An agent possesses core characteristics that allow it to act reliably and consistently on behalf of a user.
Characteristics of Agentic AI
Suited to workflows where traditional deterministic and rule-based approaches fall short.
A traditional rules engine works like a checklist, flagging transactions based on preset criteria.
LLM agent functions more like a seasoned investigator, evaluating context, considering subtle patterns, and identifying suspicious activity even when clear-cut rules aren’t violated.
This nuanced reasoning capability is exactly what enables agents to manage complex, ambiguous situations effectively.
Prioritize workflows that have previously resisted automation.
Workflows involving nuanced judgment, exceptions, or context-sensitive decisions, for example refund approval in customer service workflows.

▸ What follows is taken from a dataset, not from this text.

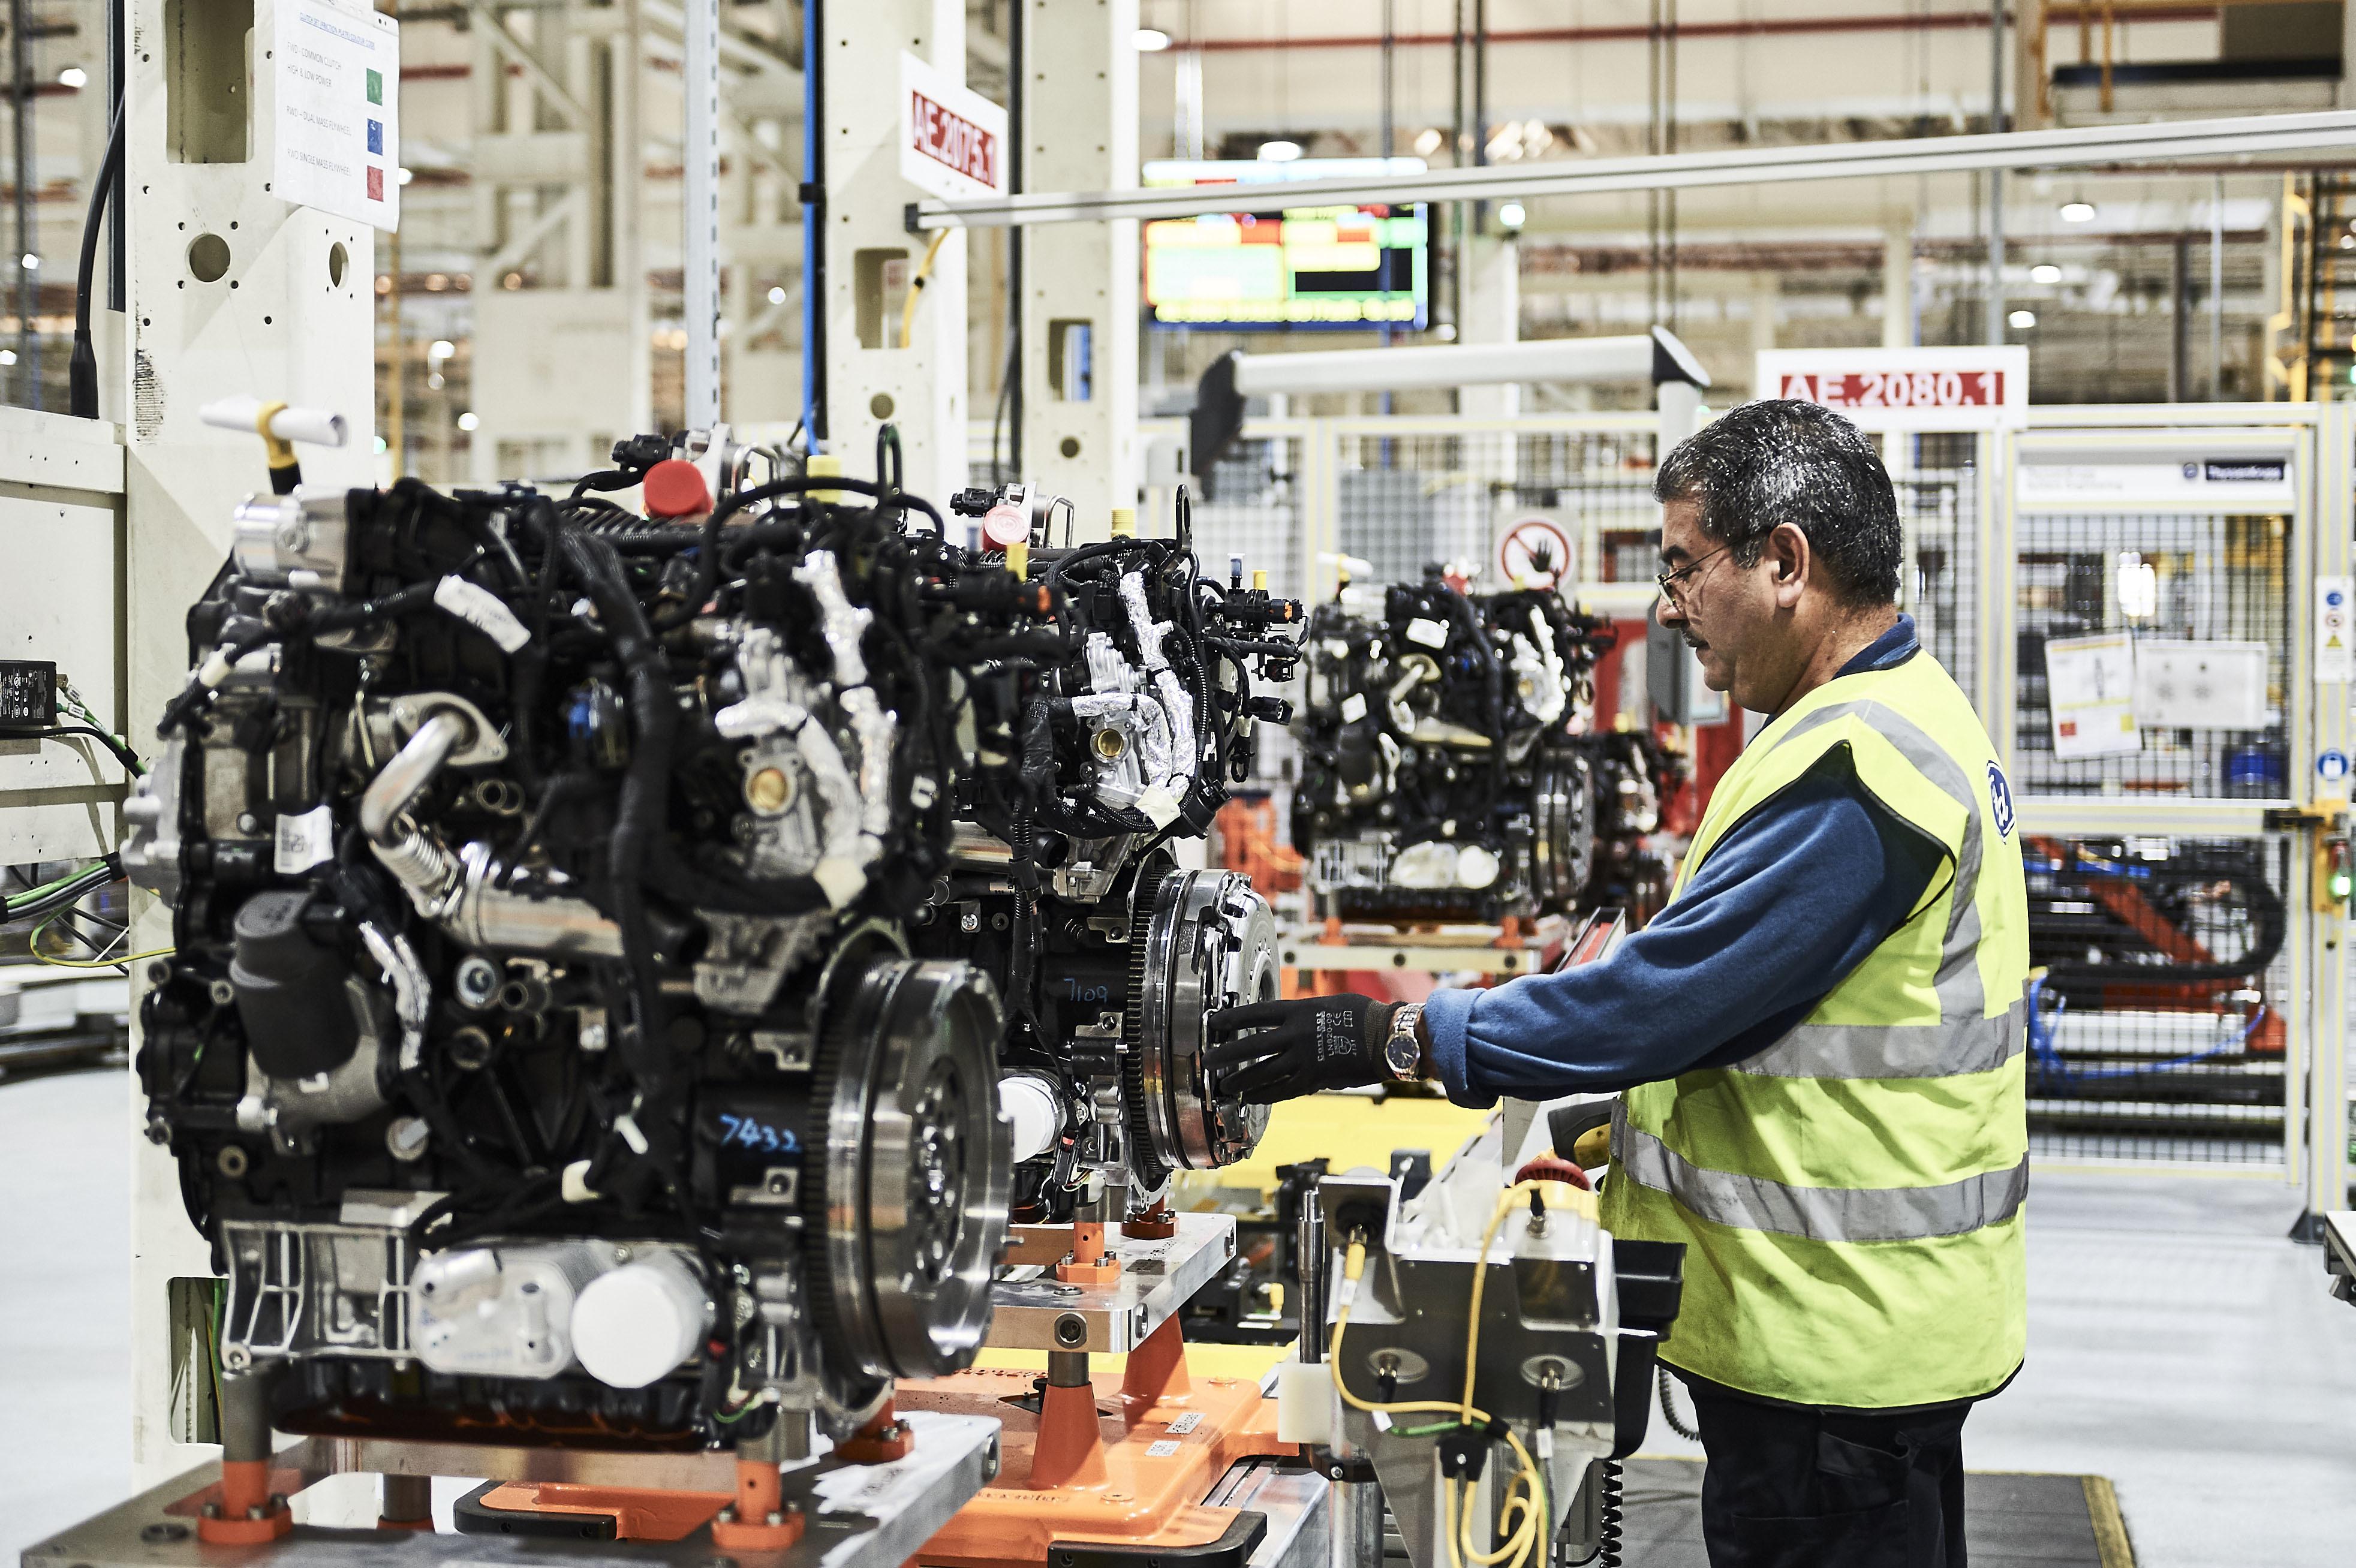 Моторний завод Ford знизить споживання води та електроенергії в 2 рази - офіційний представник Winner в Україні
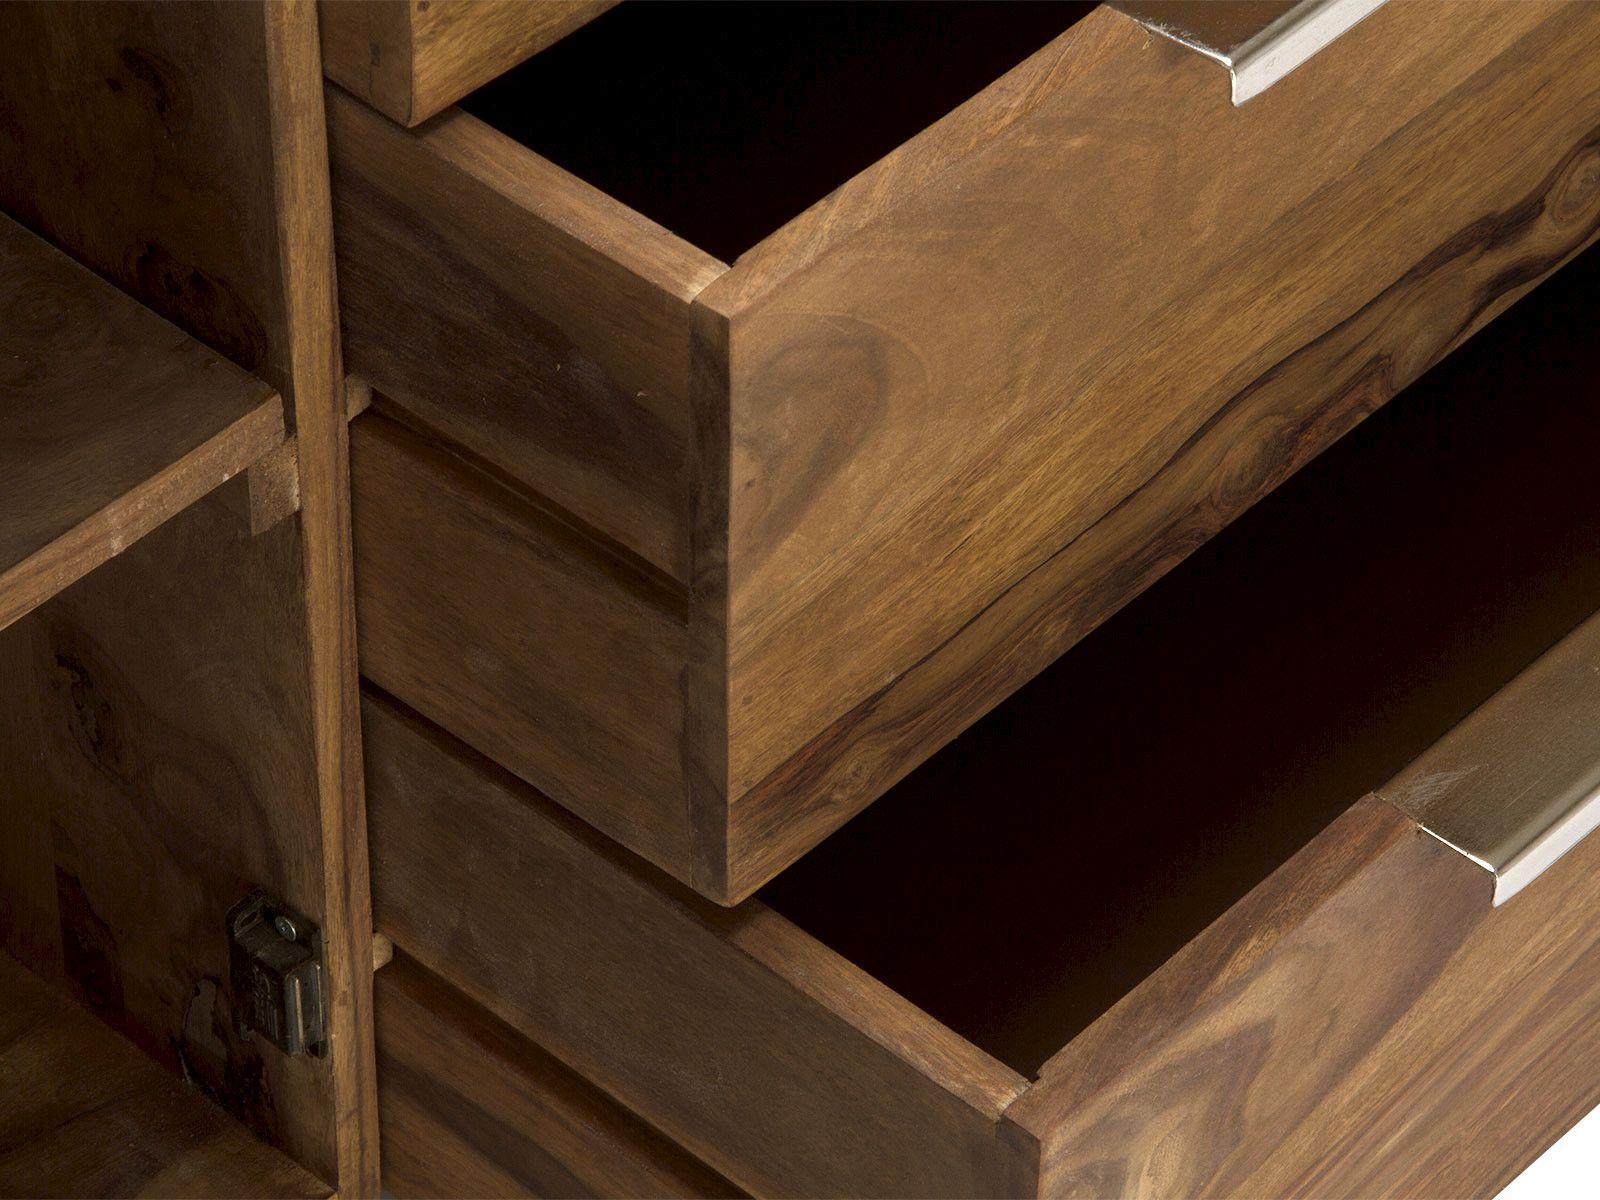 sideboard stark i sideboards von massivum. Black Bedroom Furniture Sets. Home Design Ideas

Systems that have become unwieldy due to extensive and intricate rulesets, making updates costly or error-prone, for example performing vendor security reviews.
Scenarios that involve interpreting natural language, extracting meaning from documents, or interacting with users conversationally, for example processing a home insurance claim.
Before committing to building an agent, validate that your use case can meet these criteria clearly. Otherwise, a deterministic solution may suffice.
Model (LLM), Tools (external functions or APIs), Instructions (guidelines, guardrails).
Each model has different strengths and tradeoffs.
Task complexity, latency, and cost.
Use variety of models for different tasks in the workflow.
A simple retrieval or intent classification task may be handled by a smaller, faster model.
Harder tasks like deciding whether to approve a refund may benefit from a more capable model.
Build prototype with most capable model for every task as a baseline.
Try swapping in smaller models to see if they still achieve acceptable results.